Siona O'Connell and Verne Harris describe many post apartheid archives as 'white spaces' where little efforts have been made to give access to images for descendant communities.(6) O'Connell criticises digitisation within the confined institutional space of the Bleek-Lloyd archive, and the re-cycling of images of Bushmanness or otherness. O'Connell points out that the usefulness of the digital project on San communities and the people of !Kwa ttu or any bona fide communities will produce no impact because the very people that it hopes to serve are being sidelined and excluded in the process of decision making. For her it is an illustration of how colonialism remains embedded in the archive. She criticizes UCT, the Manuscripts and Archives Department and LLAREC (with Skotnes as its director and moving force) for not having established any dialogue on participatory processes in order for these images to be freed from white controlled spaces. O'Connell notes that in Skotnes's digital LLAREC archive there is not a single essay by a Bushman, or even evidence of permission having been granted by San groups, or access to this resource being granted to anyone from the !Kwa ttu group. How it is possible, she asks, for UCT to be oblivious to these matters of digitisation?
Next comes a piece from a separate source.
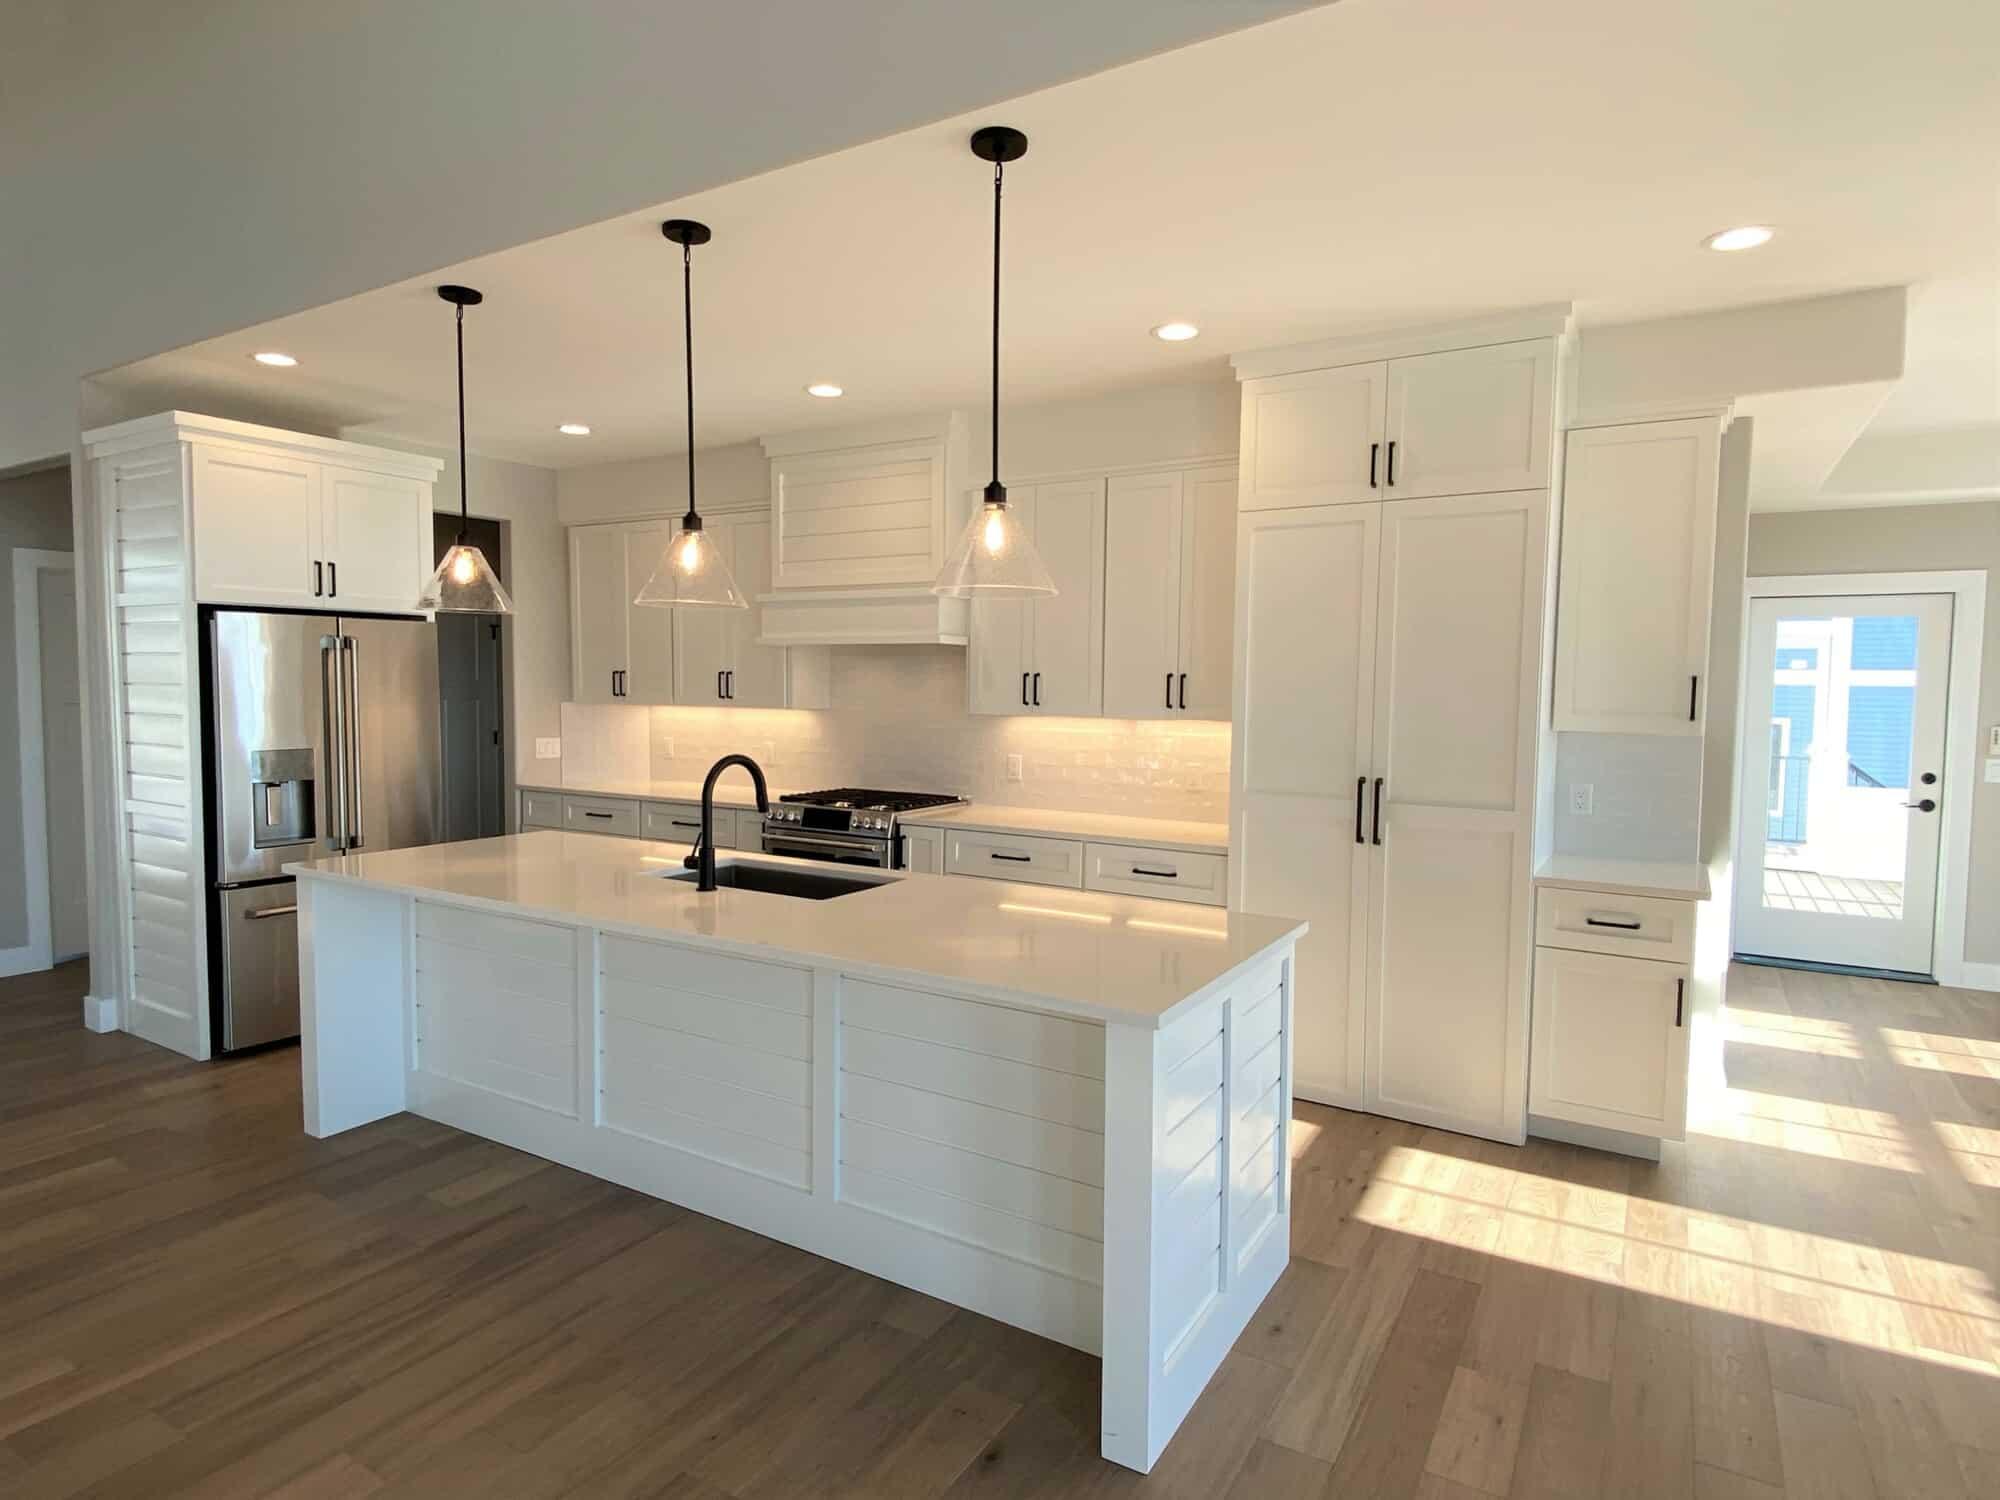 white kitchen hardwood floor white tile backsplash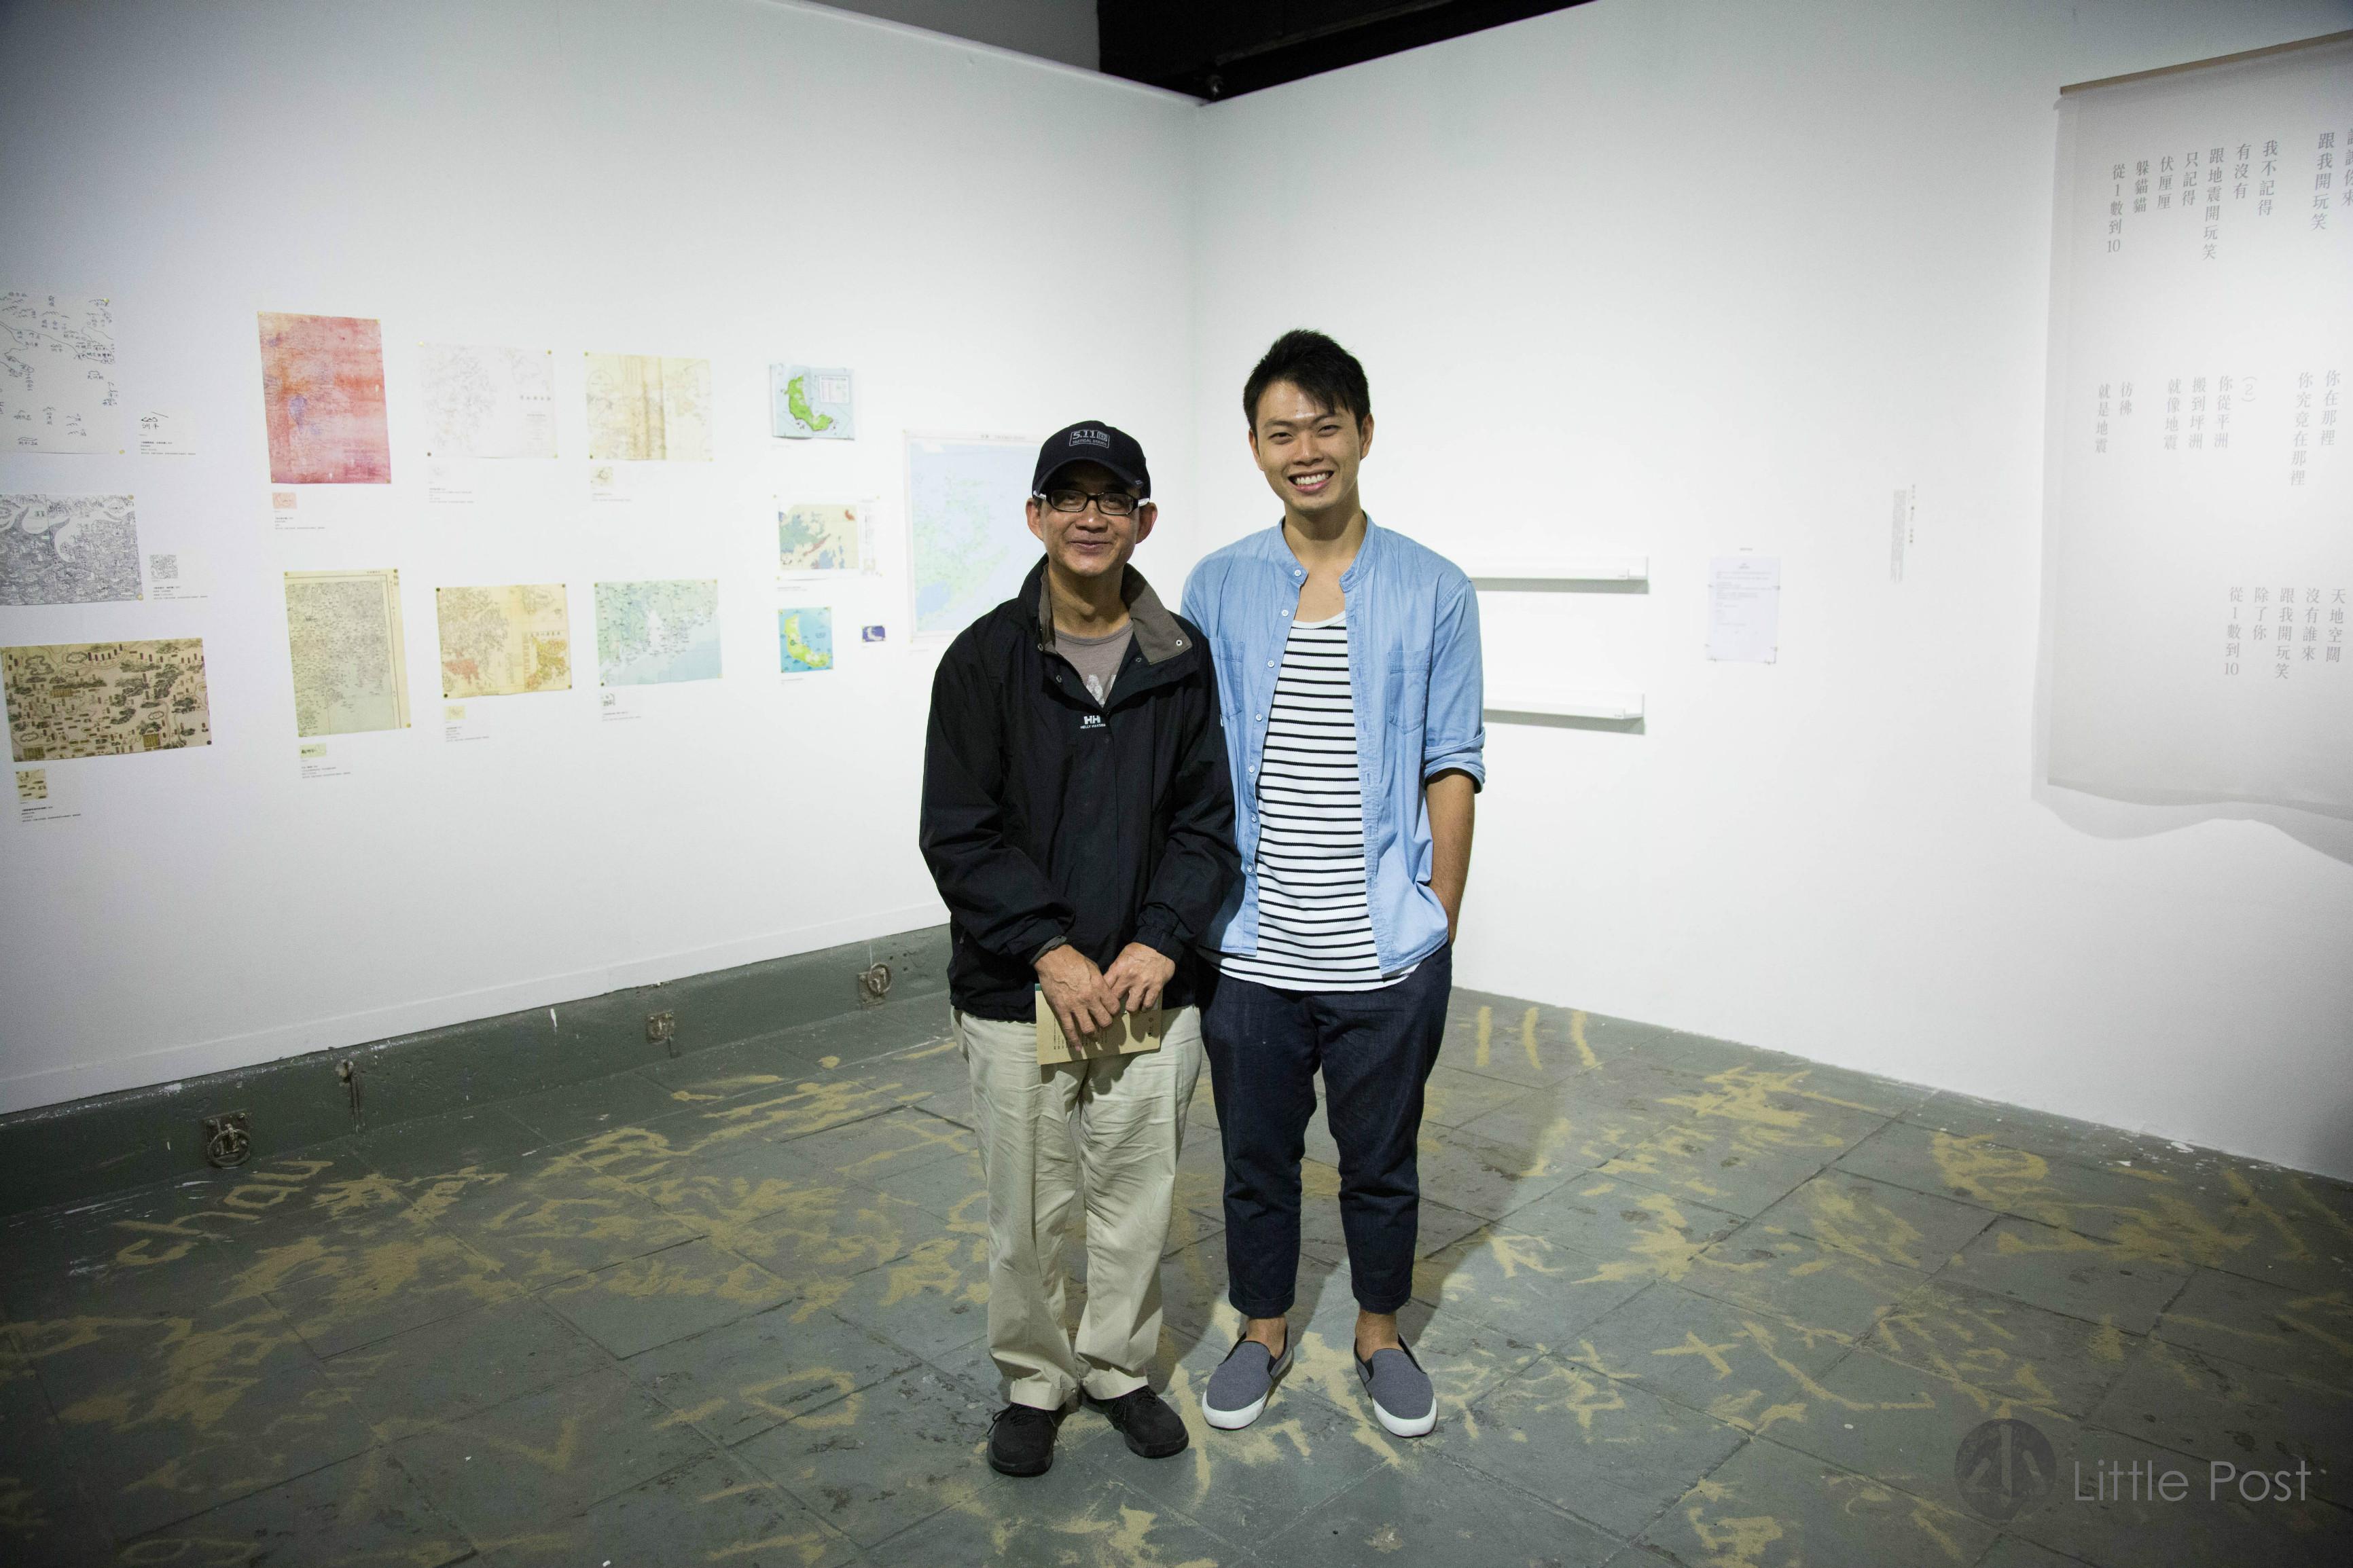 飲江與郝立仁去過東平洲以後,有了身後的創作,也邀請觀眾一起參與。

The Mellon Foundation, an ALUKA partner, De Beers, Scan Shop and UCT largely funded the LLAREC in the name of research and education. O'Connell is at a loss to explain UCT's 'celebration of digital culture and internet of image-Bushman whilst marginalizing their subjects'. (7) The 'digital divide' between bona fide interests groups and institutions has become apparent. The digital archive sanitizes sensitive, emotional material, such as images of dislocation, death and violence to produce aesthetically pleasing displays that would appeal to white audiences.(8)

O'Connell's research uncovered the dimensions of the gallery space or now the virtual library as 'mediated sanctum' that takes over the world of the art object. The 'Bushmen on show' become synonymous with real, lived experiences, as males are employed as low paid tour guides and hunting trackers, while females work as cleaners and waitresses at the Kwa-ttu centre while white capital and Western frameworks informs decision making. Maseko Emmanuel, an elderly !Xun man, expressed the notion that death, memory and forgetting, power and injury are caught up in performances in response to the LLAREC archive. In addition, anger and sadness of the dead subjects in the photographs who are unable to defend their nakedness were expressed.(9)

The 'digital divide' will produce the same stereotypes of race while communities remain marginalised and on the peripheries of economic wealth while images via digitisation are produced for tourist consumption. The digitisation projects aim to lend coherency to images taken from broken or fragmented records while images are often decontextualised and the specificity of events removed. The Policy on Digitisation does not address the problem of remaking meaning or the 'violence of the colonial camera' and images.

(1) J. Weintroub, 'From Tin Trunk to World-Wide Memory', 36.
(2) J. Deacon, 'Rock Art Conservation and Tourism', Journal of Archaeological Method and Theory, 13(4), Dec. 2006, 391.
(3) Ibid, 385.
(4) http://www.africarockart.org/home/. 'African Rock Art is amongst the oldest surviving art, predating writing by tens of thousands of years. TARA, the Trust for African Rock Art, is dedicated to the awareness and preservation of African rock art'.
(5) Kirshenblatt-Gimblett, 'World Heritage and Cultural Economics', 1-2.
(6) V Harris, V. Harris, 'The Archival Sliver', 'in C. Hamilton at al, eds., Refiguring the Archive, pp. 135-159.
(7) O'Connell, 'No f-stop for the bushmen', 65-74.
(8) O'Connell, 'No f-stop for the bushmen', 49-53.
(9) Ibid., 53-57.


Mona Hendricks is a Reading & Writing facilitator for Academic Literacies at UNISA Johannesburg and has recently completed an MA in Public & Visual History at the Universiyt of the Western Cape. She writes in her personal capacity.